Below is a block of records; reproduce all of them exactly and leave out any pictures.

(Collected data entries)
= Beginning of Section =

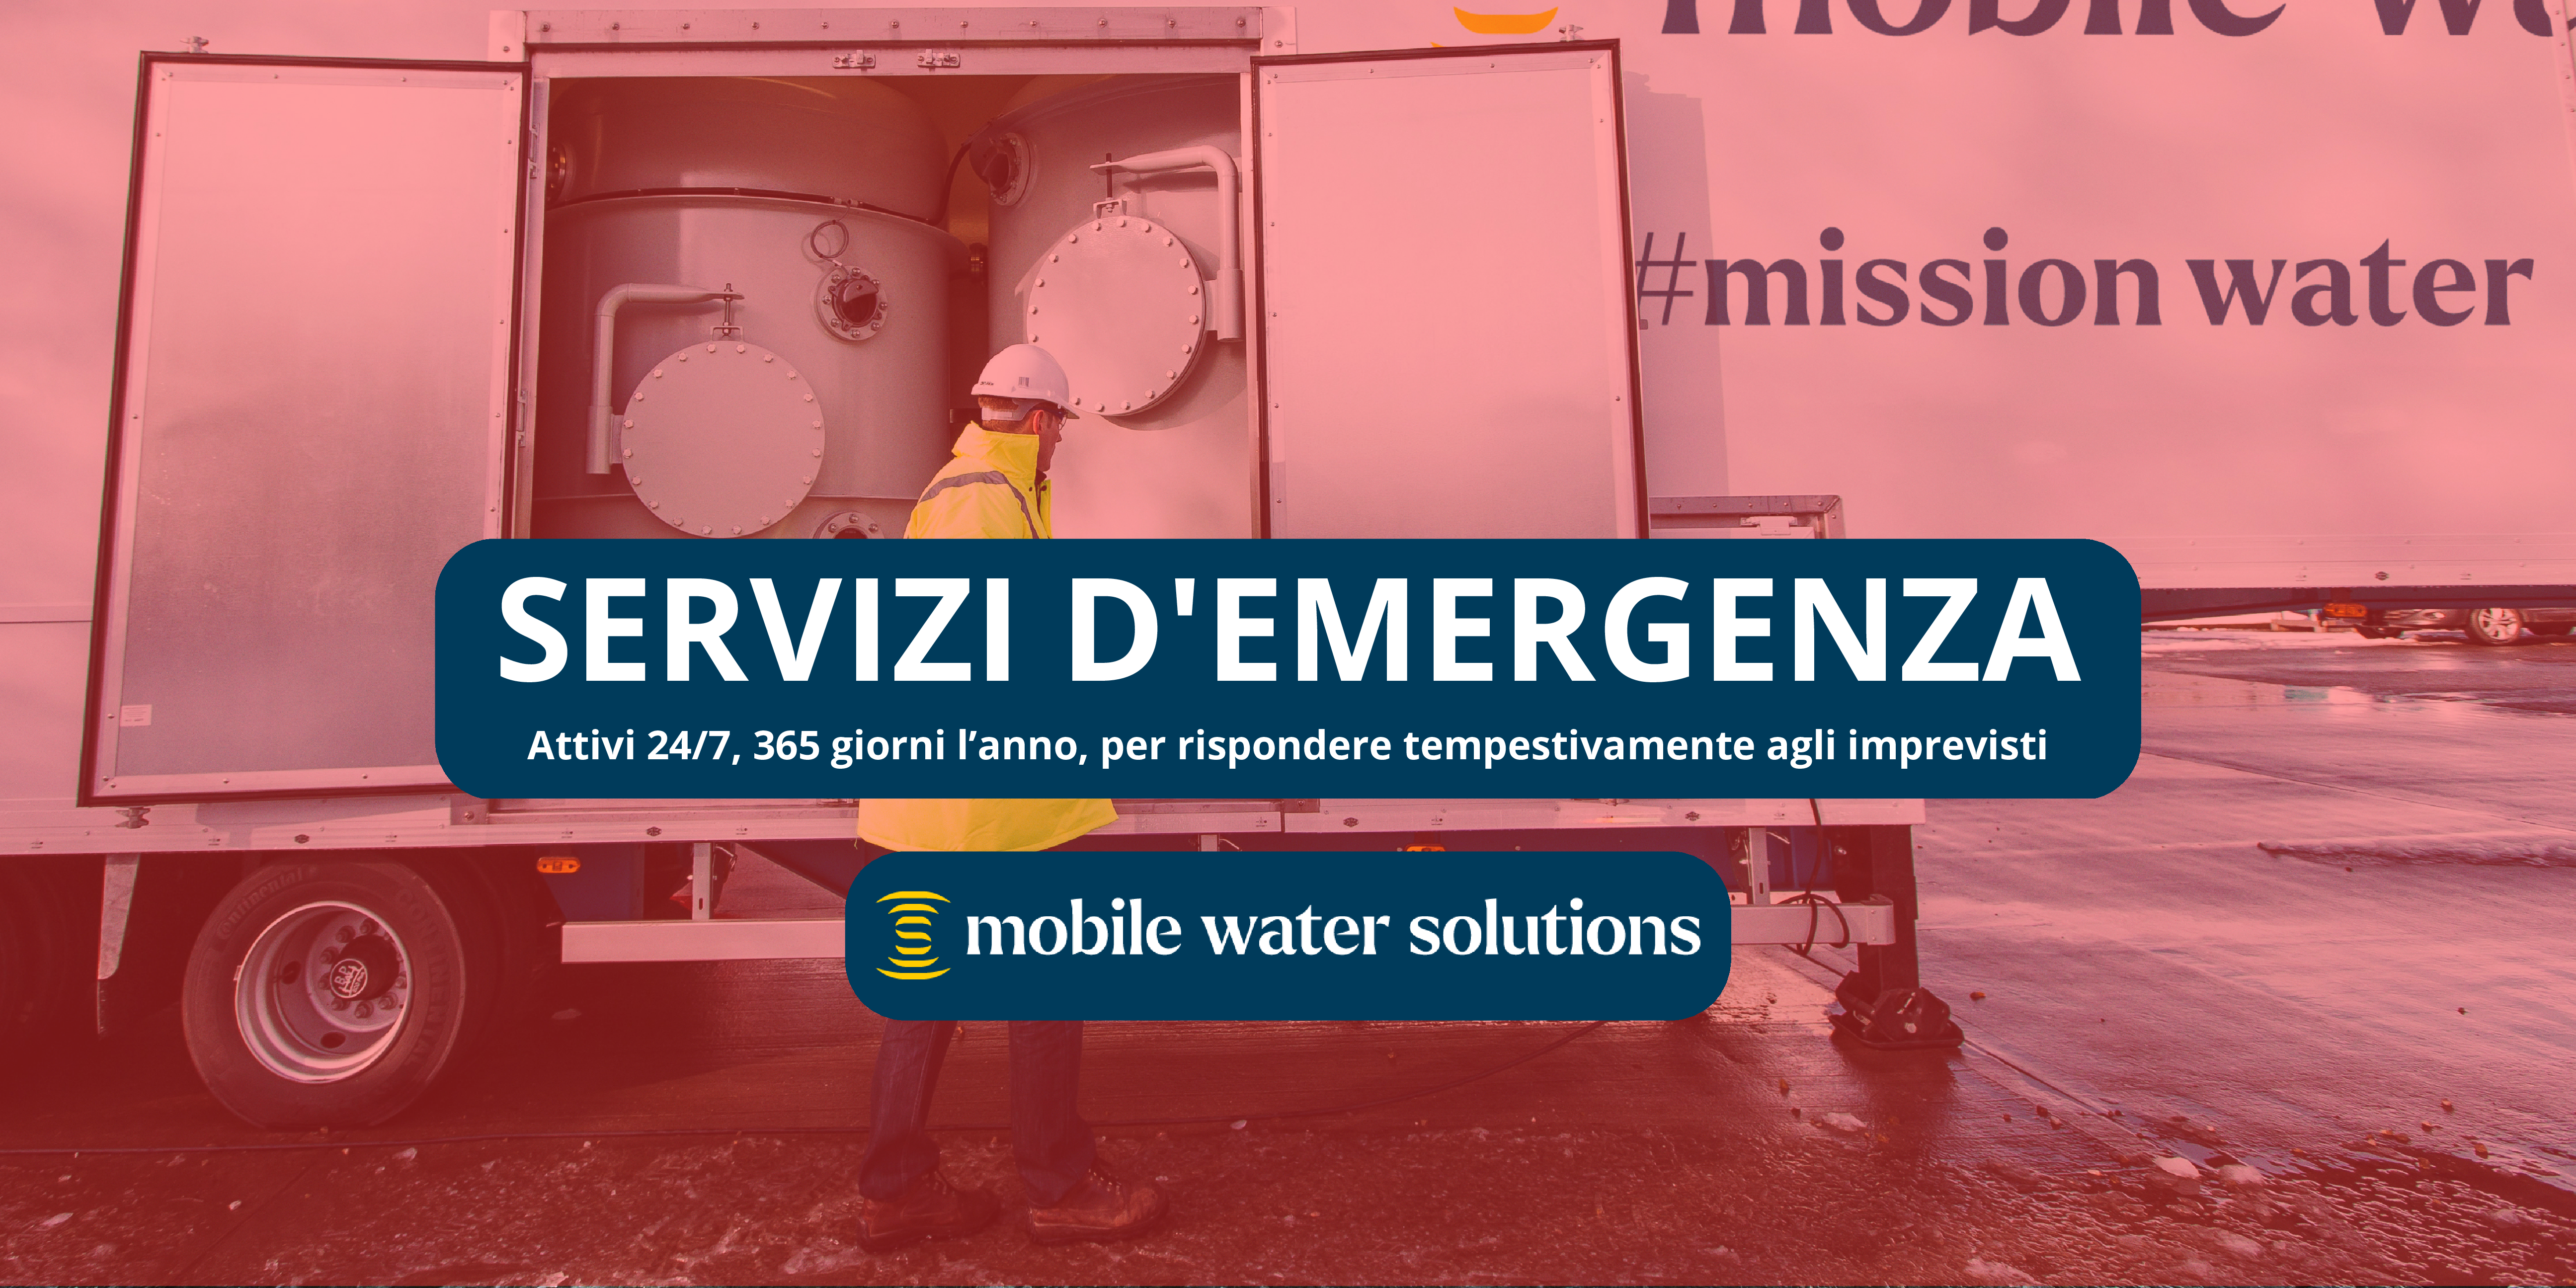 Servizi d’emergenza: Impianti temporanei di trattamento delle acque
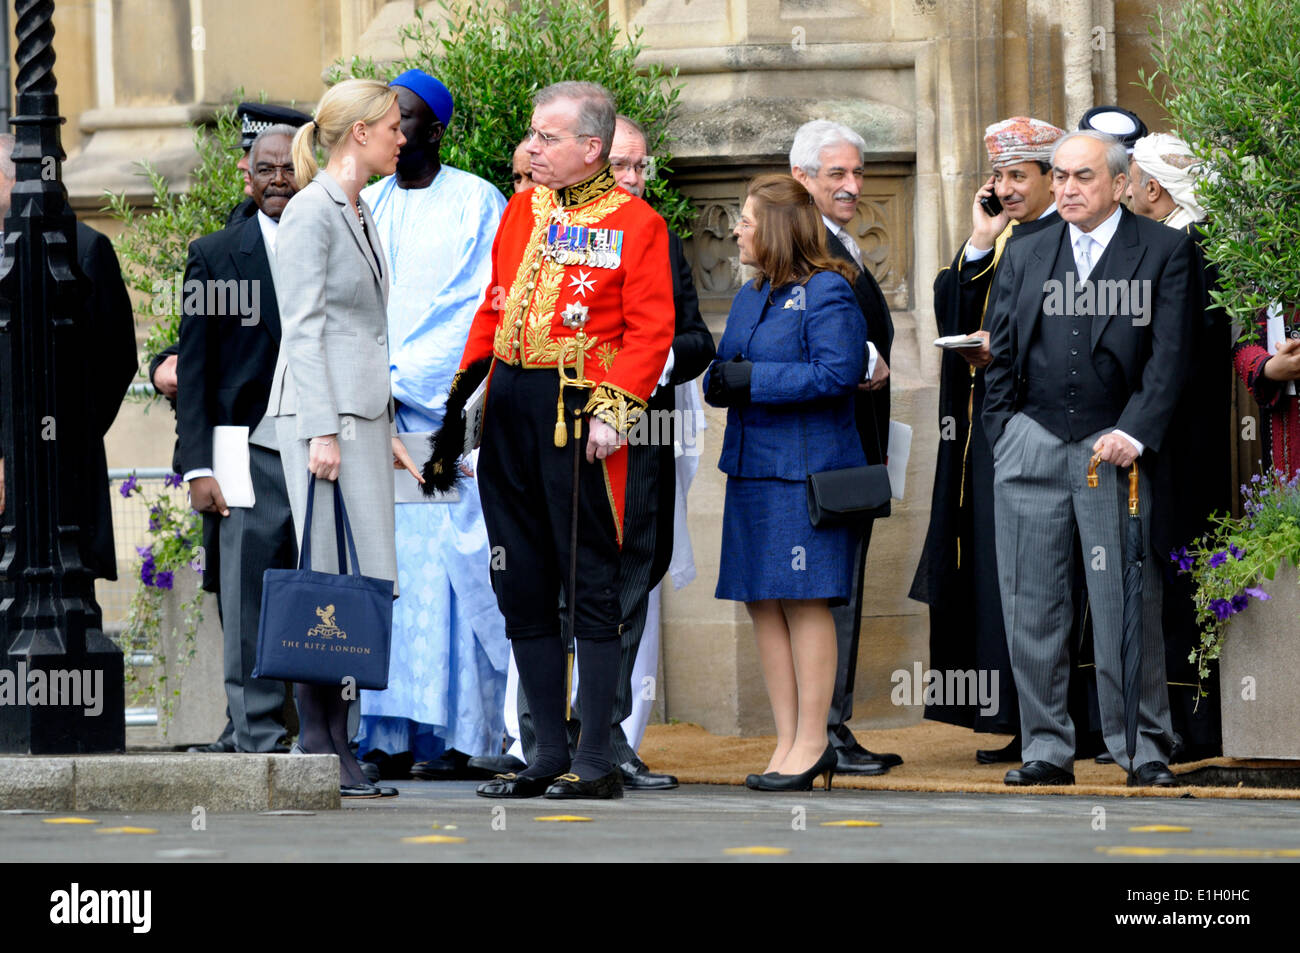 Londres, Royaume-Uni. 04 Juin, 2014. L'état d'ouverture du Parlement, Westminster, Londres. Les dignitaires invités attendent leurs voitures après la cérémonie Banque D'Images
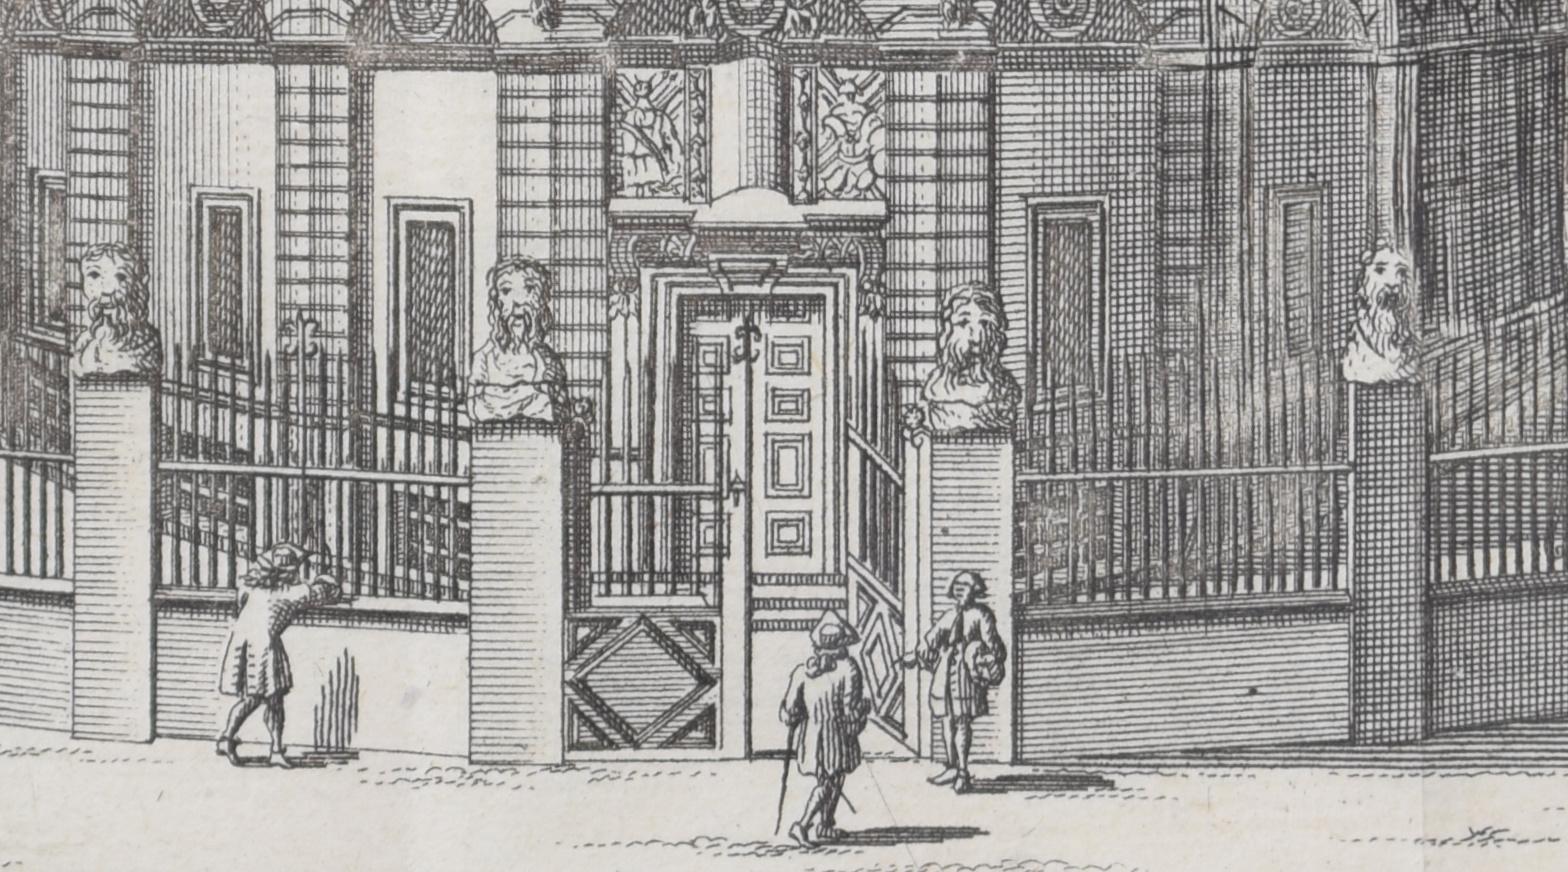 Pieter van der Aa (1659-1733), d'après David Loggan (1634-1692)
Le théâtre Sheldonian, Université d'Oxford
Gravure
12 x 16 cm

Une vue du XVIIIe siècle du merveilleux théâtre Sheldonian d'Oxford, gravée par Pieter van der Aa d'après David Loggan, le
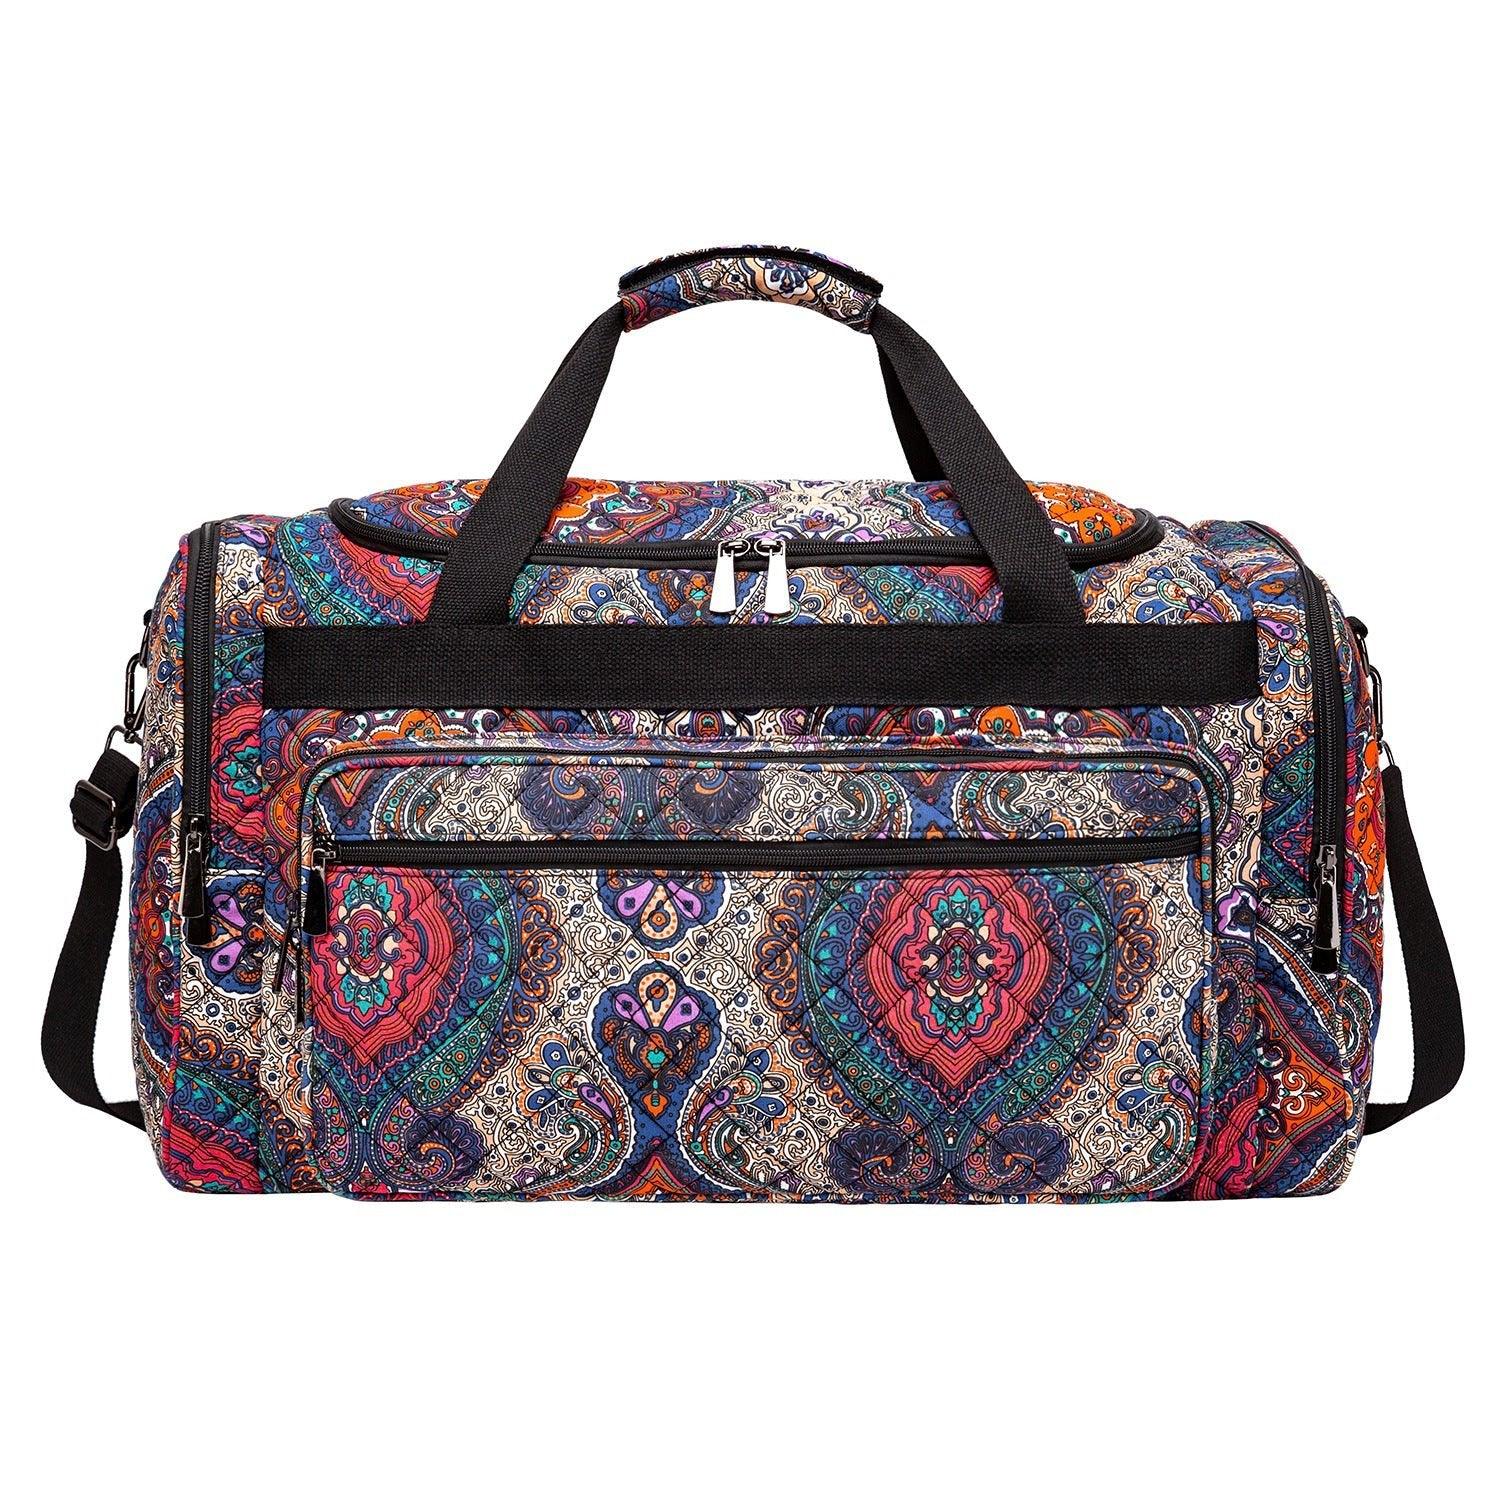 Weekend Duffle Bag Canvas Travel Bag - Woosir
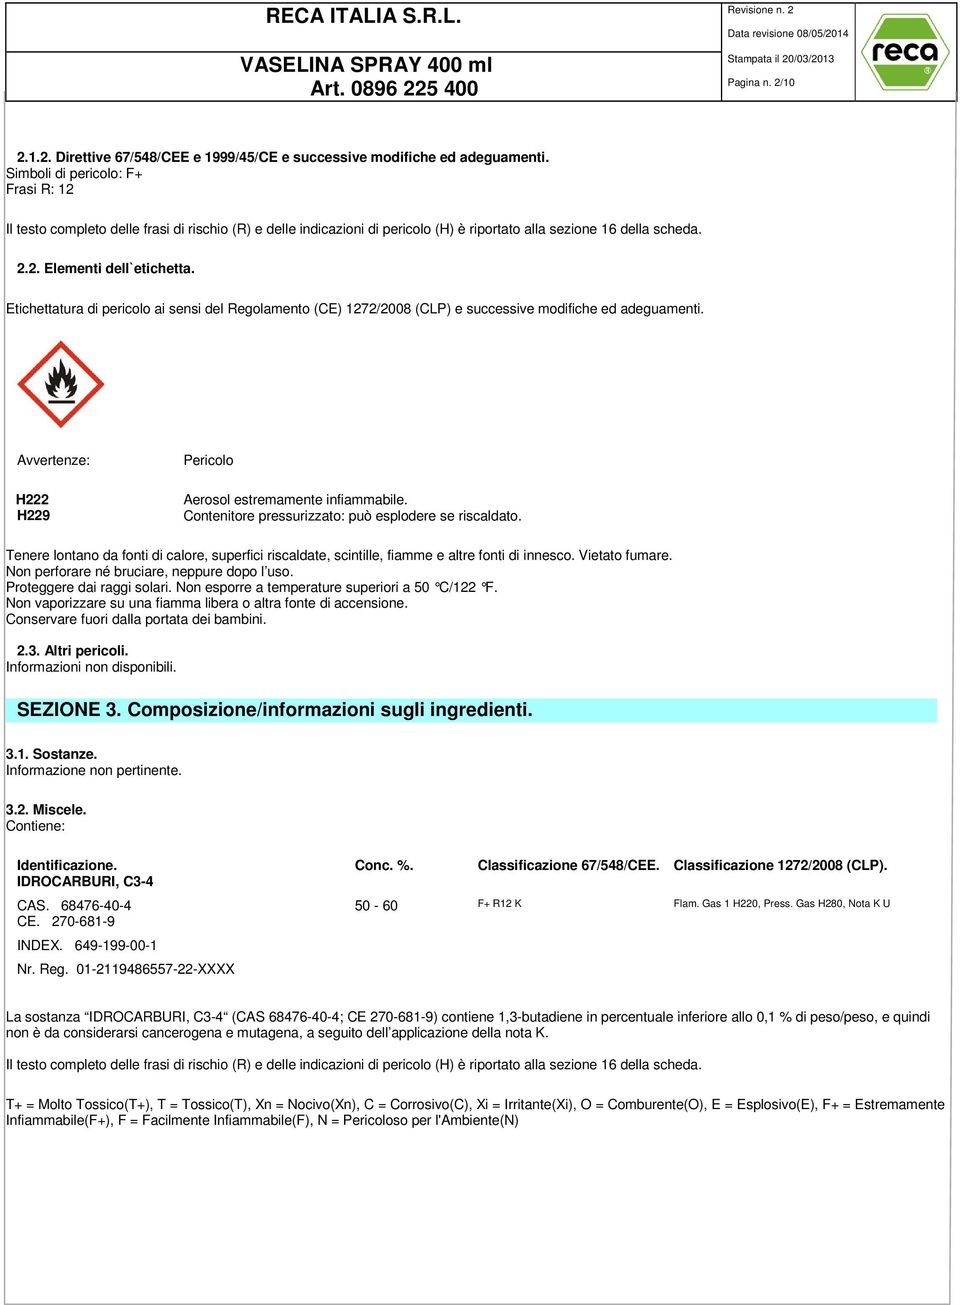 Etichettatura di pericolo ai sensi del Regolamento (CE) 1272/2008 (CLP) e successive modifiche ed adeguamenti. Avvertenze: H222 H229 Pericolo Aerosol estremamente infiammabile.

= End of Section =

* _Answer box_
 Servizi d’emergenza: Impianti temporanei di trattamento delle acque
 Londres, Royaume-Uni. 04 Juin, 2014. L'état d'ouverture du Parlement, Westminster, Londres. Les dignitaires invités attendent leurs voitures après la cérémonie Banque D'Images
 Pieter van der Aa (1659-1733), d'après David Loggan (1634-1692)
Le théâtre Sheldonian, Université d'Oxford
Gravure
12 x 16 cm

Une vue du XVIIIe siècle du merveilleux théâtre Sheldonian d'Oxford, gravée par Pieter van der Aa d'après David Loggan, le
 Weekend Duffle Bag Canvas Travel Bag - Woosir
 Etichettatura di pericolo ai sensi del Regolamento (CE) 1272/2008 (CLP) e successive modifiche ed adeguamenti. Avvertenze: H222 H229 Pericolo Aerosol estremamente infiammabile.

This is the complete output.